Israele conclude le operazioni navali, attivisti diretti al carcere Ketziot; Tajani aggiorna: quaranta italiani fermati, espulsioni collettive e rientri organizzati con voli europei, la prossima.
Il trasferimento verso Ashdod è iniziato. Dopo l’intercettazione in mare della Global Sumud Flotilla, le autorità israeliane hanno avviato le procedure di sbarco e identificazione degli attivisti, in vista dell’espulsione. A confermarlo è il ministro degli Esteri Antonio Tajani, secondo cui il numero degli italiani fermati è salito a 40: tutti “in buone condizioni”, assistiti dalle sedi consolari e destinati al rimpatrio a breve, con scalo in capitali europee individuate d’intesa con Tel Aviv.
Secondo il quadro operativo tracciato dai media locali, reparti della Shayetet 13 hanno abbordato circa 40 imbarcazioni sulle 47 del convoglio, conducendo a terra diverse centinaia di persone. Il ministero degli Esteri israeliano parla di passeggeri “sani e in buona salute” e anticipa procedure di allontanamento verso l’Europa. Alcuni gruppi restano ancora in navigazione ma vengono monitorati dalla Marina per impedirne l’accesso alla zona di blocco navale.
Dal fronte degli organizzatori arrivano accuse pesanti: la Global Sumud Flotilla denuncia intercettazioni illegali in acque internazionali, il “rapimento” di centinaia di volontari e il trasferimento su una grande unità militare identificata come MSC Johannesburg. Gli avvocati di Adalah, che rappresentano una parte dei partecipanti, riferiscono di aggiornamenti minimi e attendono l’arrivo dei fermati ad Ashdod per seguirne il percorso legale, che includerebbe un passaggio in un tribunale speciale per i rifiuti di espulsione.
La versione ufficiale di Israele definisce la missione una “provocazione” fallita: nessuna imbarcazione sarebbe riuscita a infrangere il blocco o a entrare nella zona di combattimento al largo di Gaza. “I passeggeri sono diretti in sicurezza in Israele, da dove saranno deportati”, si legge nei messaggi diffusi sui canali social del dicastero.

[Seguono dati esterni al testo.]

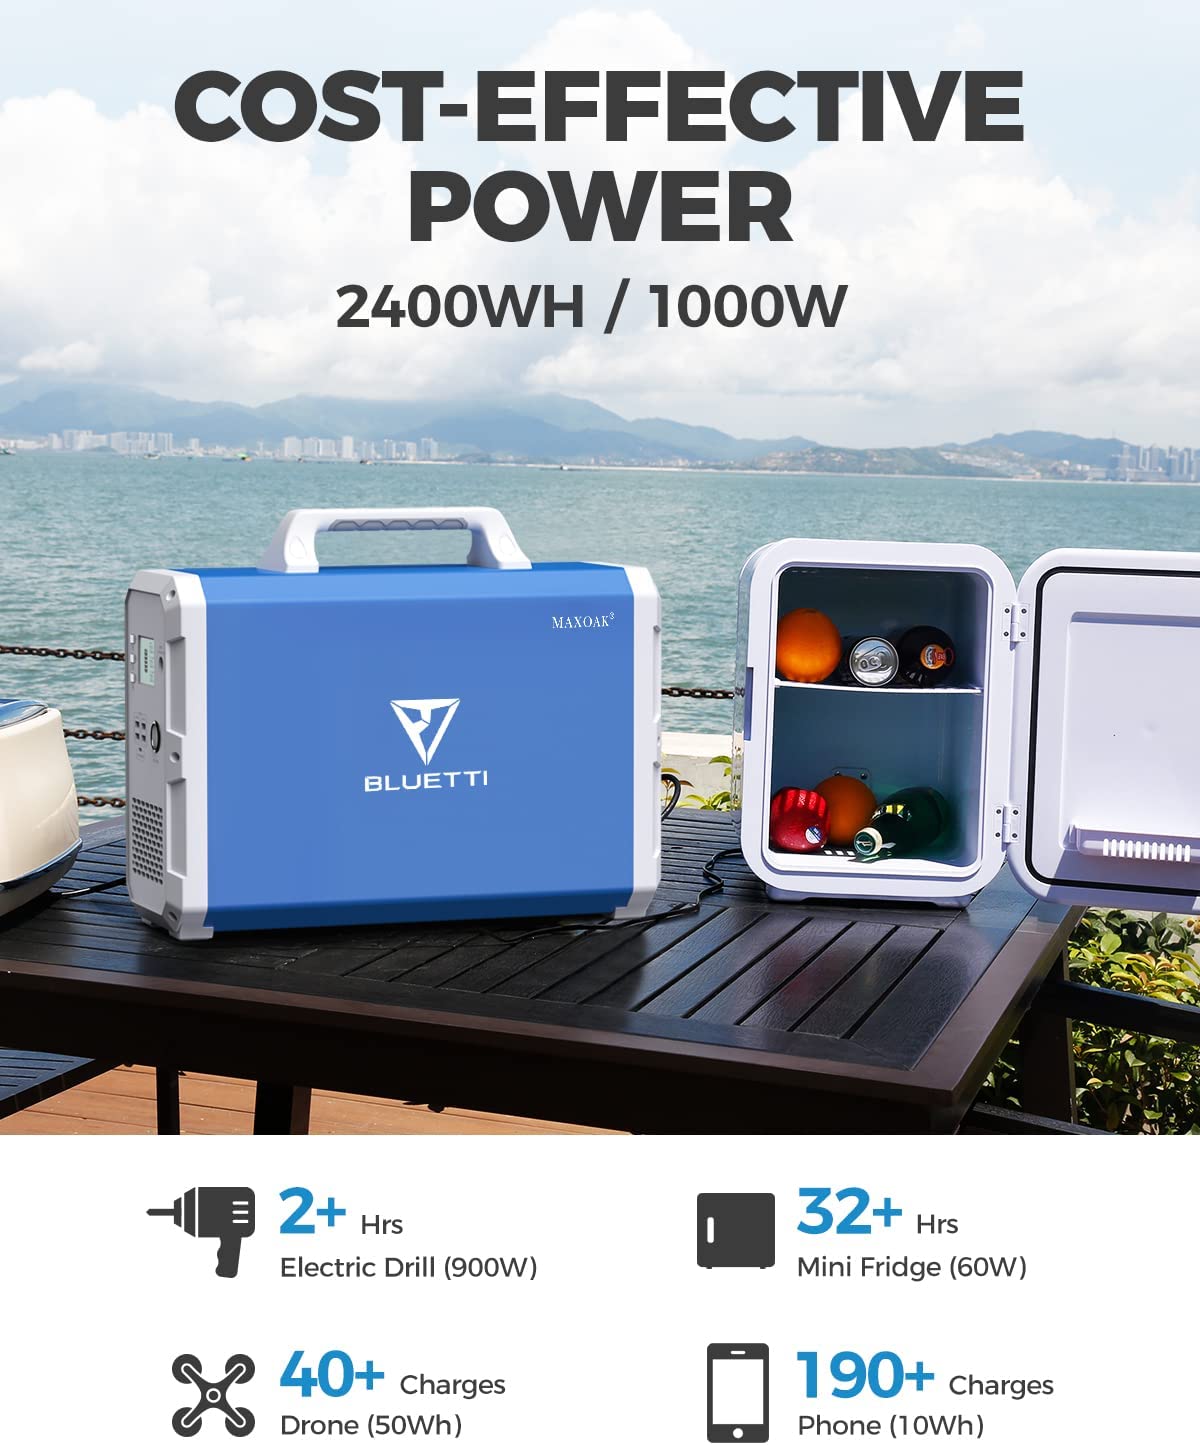 El generador Bluetti EB240 2400Wh es costo efectivo y economico.

Tra i fermati compaiono anche esponenti politici europei e l’attivista Greta Thunberg, poi mostrata in buone condizioni.
La rotta della Flotilla ha intanto alimentato mobilitazioni a catena. Dalla località turca di Arsuz sono salpate 45 piccole barche “di supporto” con attivisti e bandiere turche e palestinesi, mentre in Italia sindacati e associazioni hanno annunciato cortei e una giornata di sciopero in segno di solidarietà. Le piazze si sono già accese in diverse città; il governo italiano segue i rientri e ribadisce la priorità della sicurezza dei connazionali.

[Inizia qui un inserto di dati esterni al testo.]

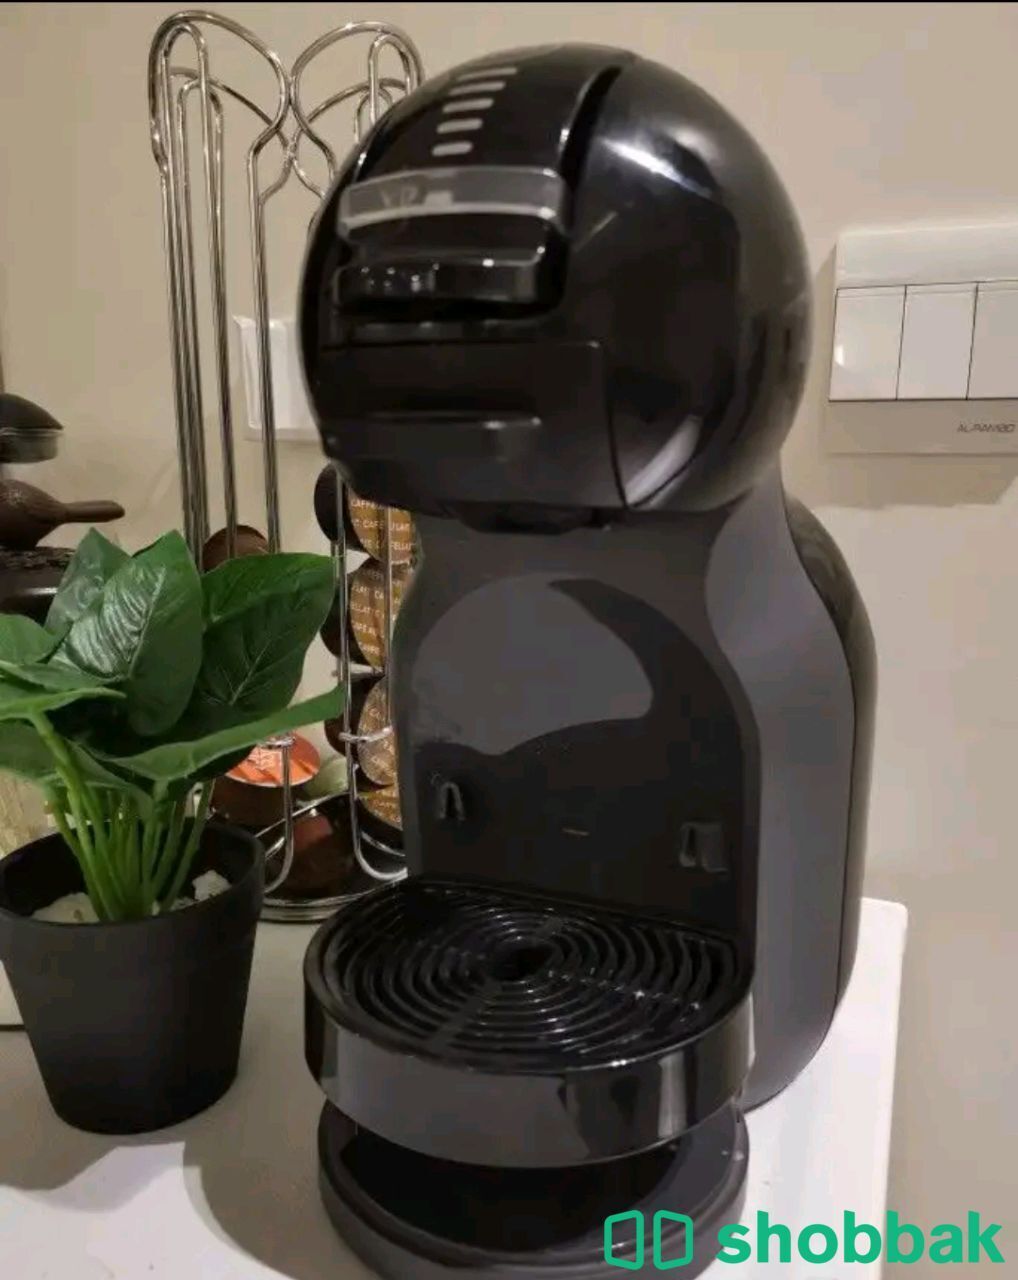 آلة قهوة من دولتشي Shobbak Saudi Arabia

Sul terreno giuridico si apre il capitolo detenzione–espulsione. In base alla prassi ricostruita da Reuters con fonti legali, i partecipanti vengono identificati al porto, quindi trattenuti e sottoposti a provvedimenti collettivi di allontanamento; chi rifiuta può finire davanti a un giudice amministrativo per l’ordine di respingimento. Nelle ultime ore, fonti diplomatiche indicano finestre logistiche già tra venerdì e i giorni successivi, compatibilmente con la gestione dei voli charter.
Restano zone d’ombra. Attivisti e media panarabi hanno parlato di due barche — la Fair Lady e la Marinette — ancora in rotta, e della nave Mikeno che avrebbe lambito le acque di Gaza prima di perdere i contatti. L’Idf smentisce ingressi nelle acque sotto controllo israeliano e conferma l’intercettazione in mare aperto. Un mosaico di versioni che sarà chiarito solo con l’arrivo di tutti i fermati a terra.

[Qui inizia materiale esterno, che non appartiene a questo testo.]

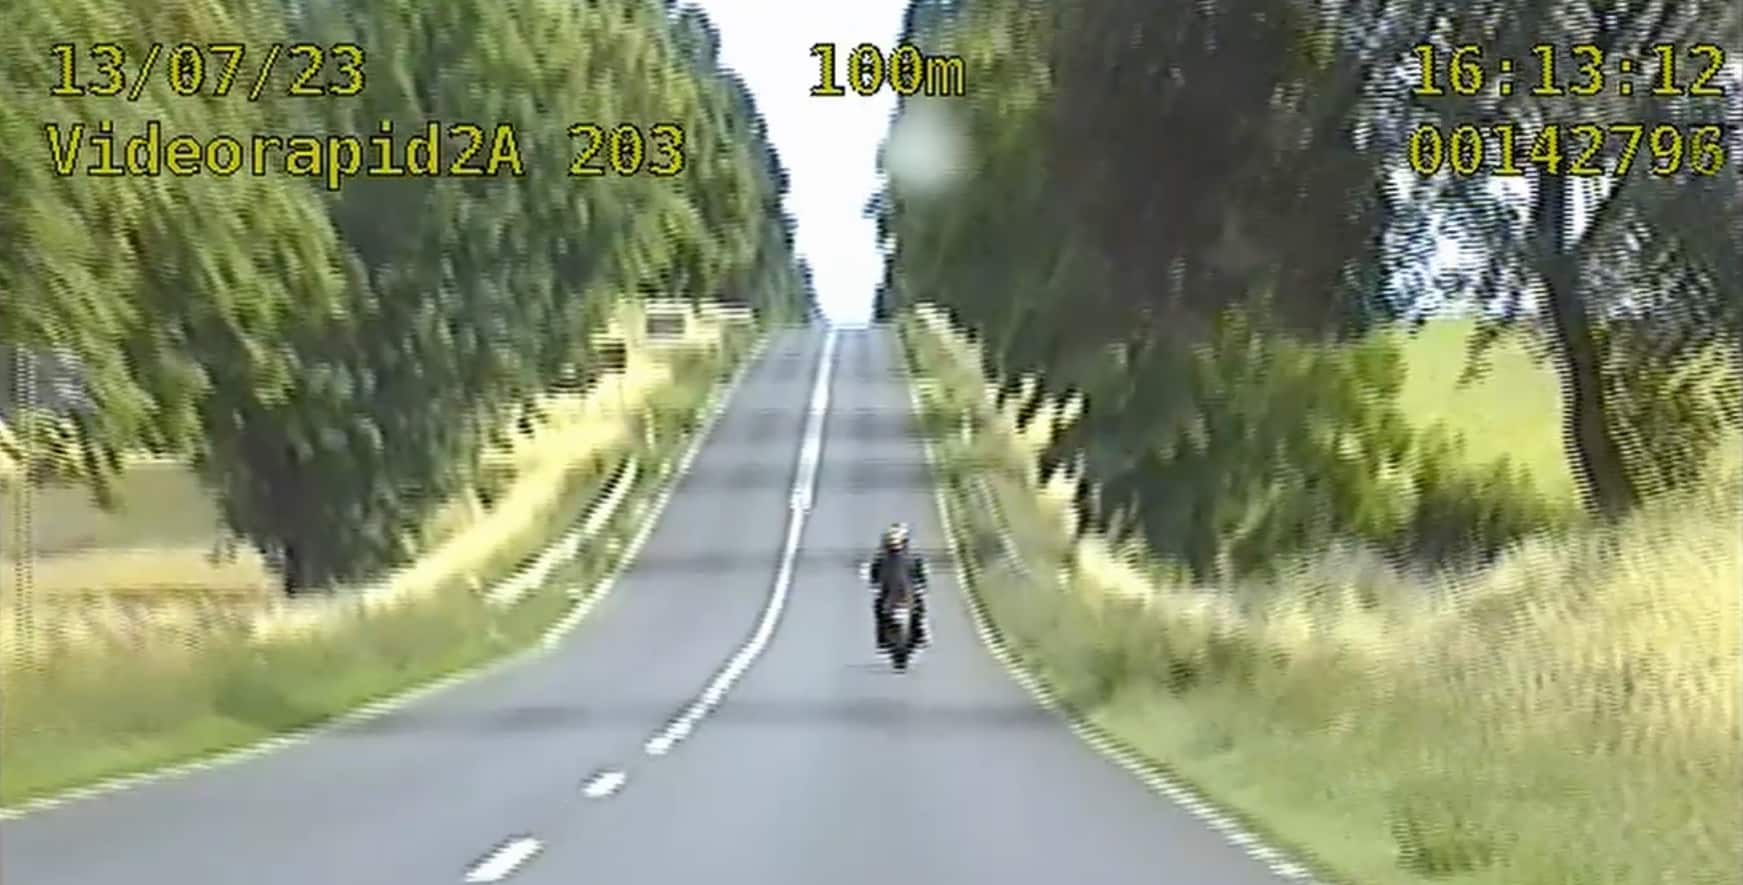 Motocyklista pędził z 6-letnim pasażerem 154 km/h. Publikujemy nagranie Na sygnale Wiadomości, Olsztyn

Sullo sfondo, la politica europea si muove con cautela. Il premier spagnolo Pedro Sánchez esprime solidarietà e chiede il rientro sicuro degli attivisti, mentre Turchia e altri Paesi annunciano iniziative diplomatiche dopo la detenzione dei propri cittadini. Nel frattempo, Francia e Italia confermano di aver seguito parte della traversata con proprie unità, invitando tuttavia gli equipaggi a desistere per ragioni di sicurezza.
Il punto fermo, adesso, è l’approdo a Ashdod. Da lì scatteranno i convogli verso il Negev e il grande complesso di Ketziot, dove gli attivisti verranno presi in carico dal personale penitenziario in attesa delle procedure di espulsione o dell’eventuale ricorso. Tra rimpalli di responsabilità e retoriche contrapposte, la crisi resta incandescente: tra diritto internazionale, blocco navale e tutela consolare, il caso Flotilla è destinato a dominare ancora il dibattito pubblico.